Le syndicat a manifesté contre l’ouverture en ce dimanche 24 décembre du centre commercial. Lequel a été pris d’assaut par les clients

La manifestation s'est déroulée devant les portes du mall montheysan.
La manifestation s'est déroulée devant les portes du mall montheysan.
David Genillard

Une couronne mortuaire portée solennellement en procession au son d’une marche funéraire et déposée aux portes d’un centre Manor bondé. Dimanche, le syndicat Unia a mis en terre le Noël du personnel du centre commercial. «Le Noël des employés est gâché par une décision inique de la Municipalité de Monthey et par l’irrespect de la direction de Manor pour son personnel», a déclaré au porte-voix le secrétaire syndical d’Unia, Blaise Carron.

La seule enseigne

Pour mémoire, Monthey est la seule Commune du canton à avoir accordé une ouverture spéciale des commerces le 24. La loi valaisanne prévoit une ouverture dominicale annuelle mais celle-ci s’est déroulée le 17 décembre dans le reste du canton. À noter que Manor est la seule enseigne (ouverte de 13 h à 17 h) à avoir profité de cette autorisation, «ce qui en fait une exception au plan romand, souligne Blaise Carron. Les autres groupes ont décidé de remercier leur personnel en leur donnant congé. Je pense que Manor pouvait se permettre de manifester le même respect: ce n’est pas souvent que le 24 tombe sur un dimanche.» La dernière occurrence remonte à 2006.
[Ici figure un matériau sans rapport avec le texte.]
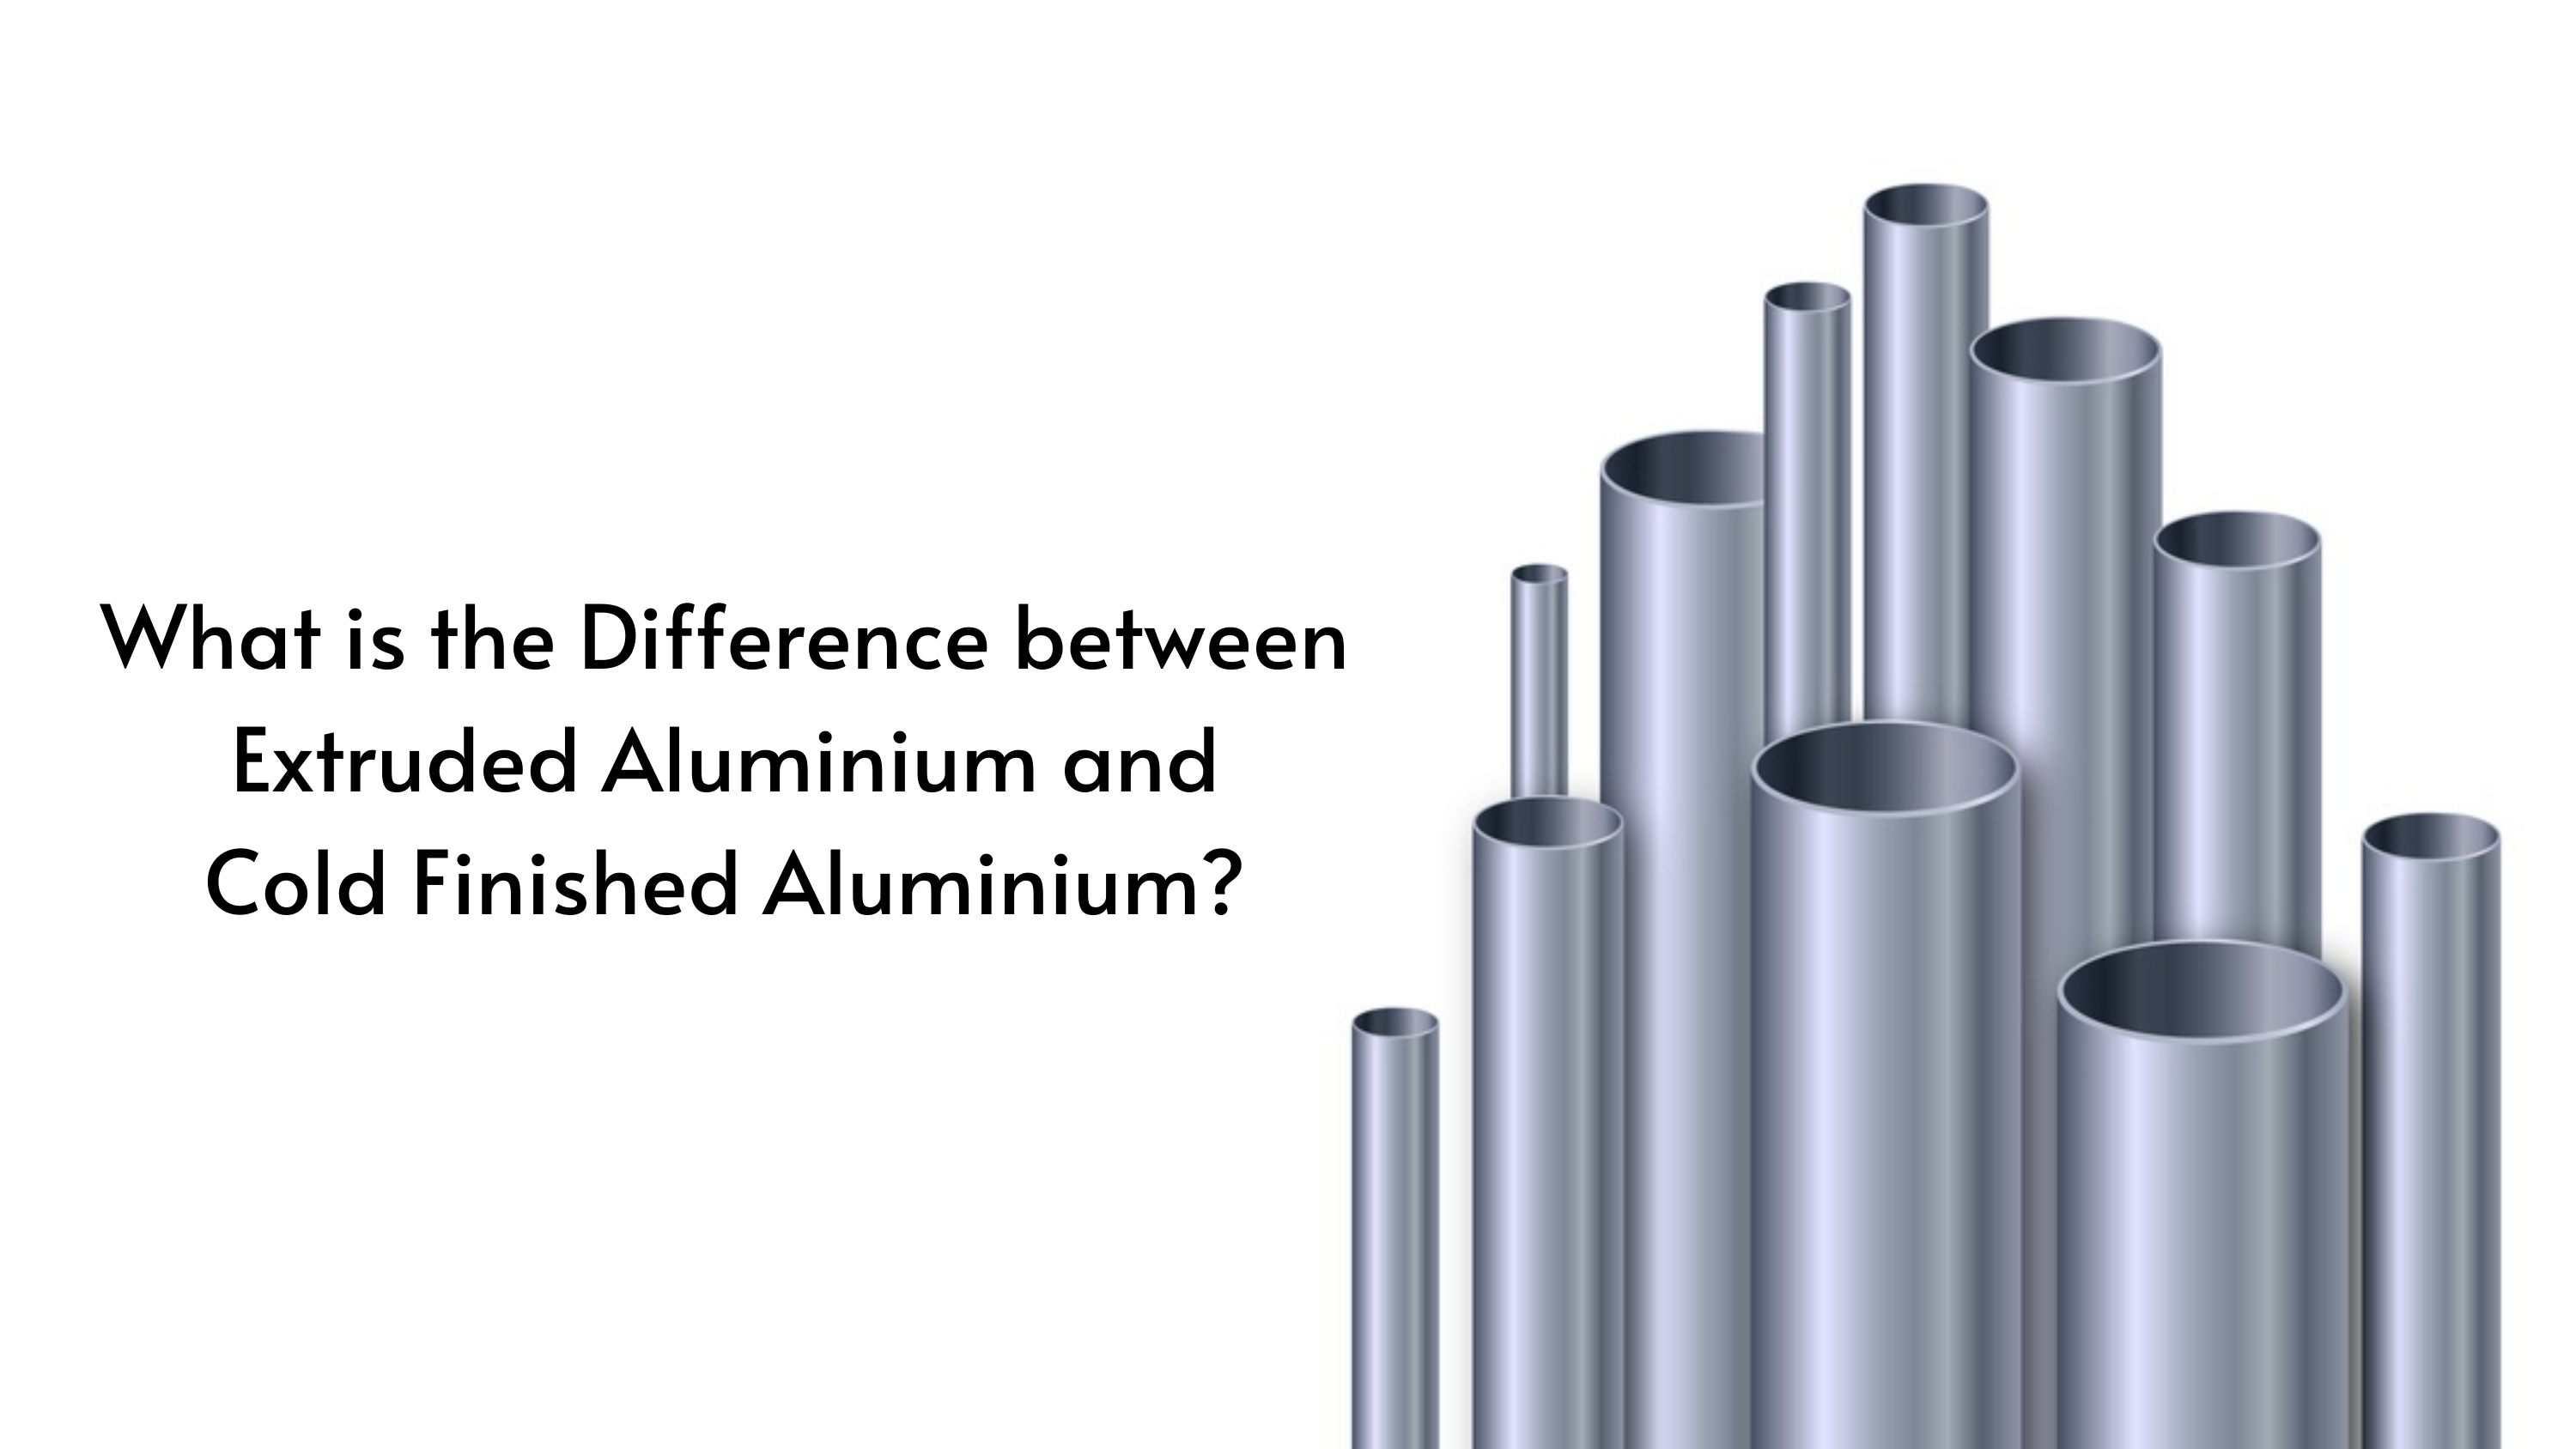 Aluminium: What is it used for? ﻿

Le battage mené par Unia rejaillit négativement sur notre personnel. Ce syndicat se trompe de cible

Charles-Antoine Kohler, directeur du centre commercial Manor de Monthey.
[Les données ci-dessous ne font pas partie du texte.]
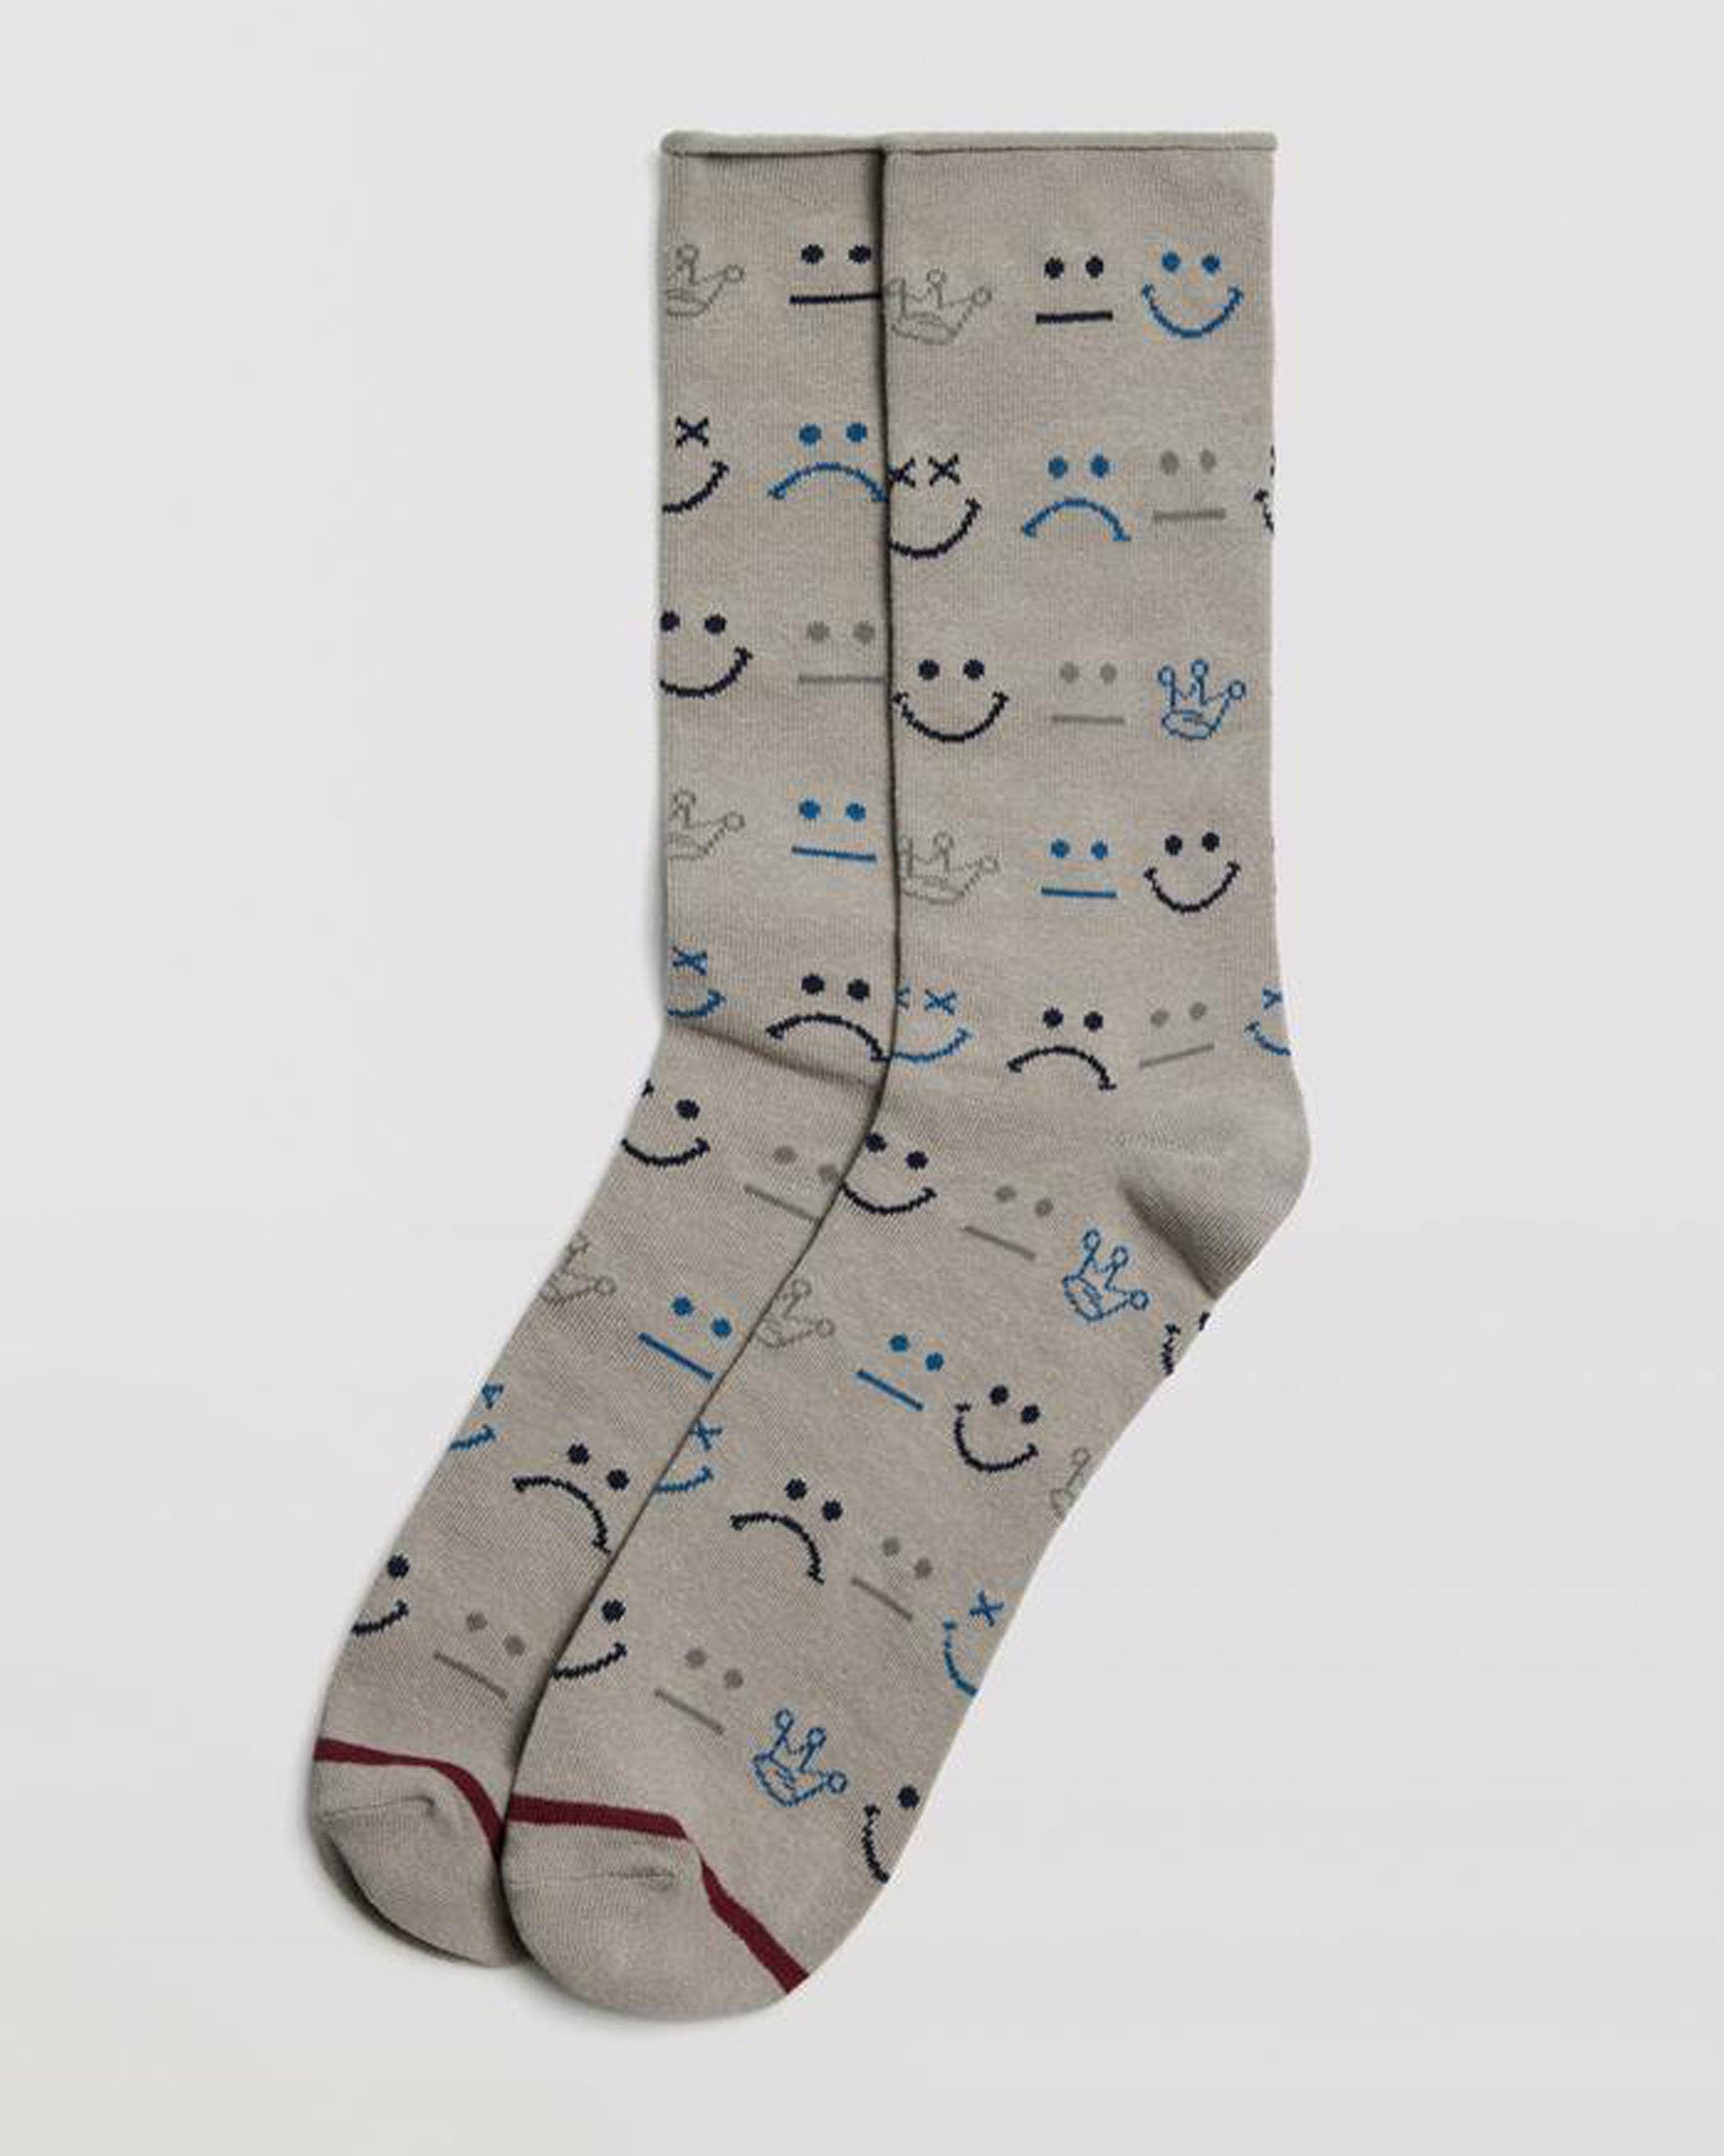 Ysabel Mora 22878 Face Sock - Light grey cotton mix crew length no cuff ankle socks with an all over assorted doodle faces and crown pattern in blue, black and grey with a wine stripe on the toe.

Les clients ne semblent pas partager l’avis du syndicat: les boutiques ont été prises d’assaut dès 13 h et les parkings étaient saturés. Présent lors de la manifestation, le directeur du centre commercial Charles-Antoine Kohler y voit la preuve que cette ouverture répondait à un besoin: «Le 24 est traditionnellement une grosse journée pour nous. Beaucoup de clients viennent acheter leurs produits frais - pain, huîtres, etc. - ce jour-là. Nous nous devons de leur offrir ce service. Je rappelle d’ailleurs que les autres années, le 24 est un jour travaillé. Aujourd’hui nous n’ouvrons que quatre heures. Le battage mené par Unia rejaillit négativement sur notre personnel. Ce syndicat se trompe de cible.» Pourquoi les groupes concurrents n’ont-ils alors pas jugé bon d’ouvrir? «Je ne les ai pas consultés à ce sujet, mais ils sont libres de décider de leur propre stratégie», répond le directeur.

Manor affirme répondre à un besoin. Mais je pense que c’est l’offre qui crée ce besoin et qui explique l’affluence du jour

Grégory Logean, chef du groupe UDC au Grand Conseil valaisan.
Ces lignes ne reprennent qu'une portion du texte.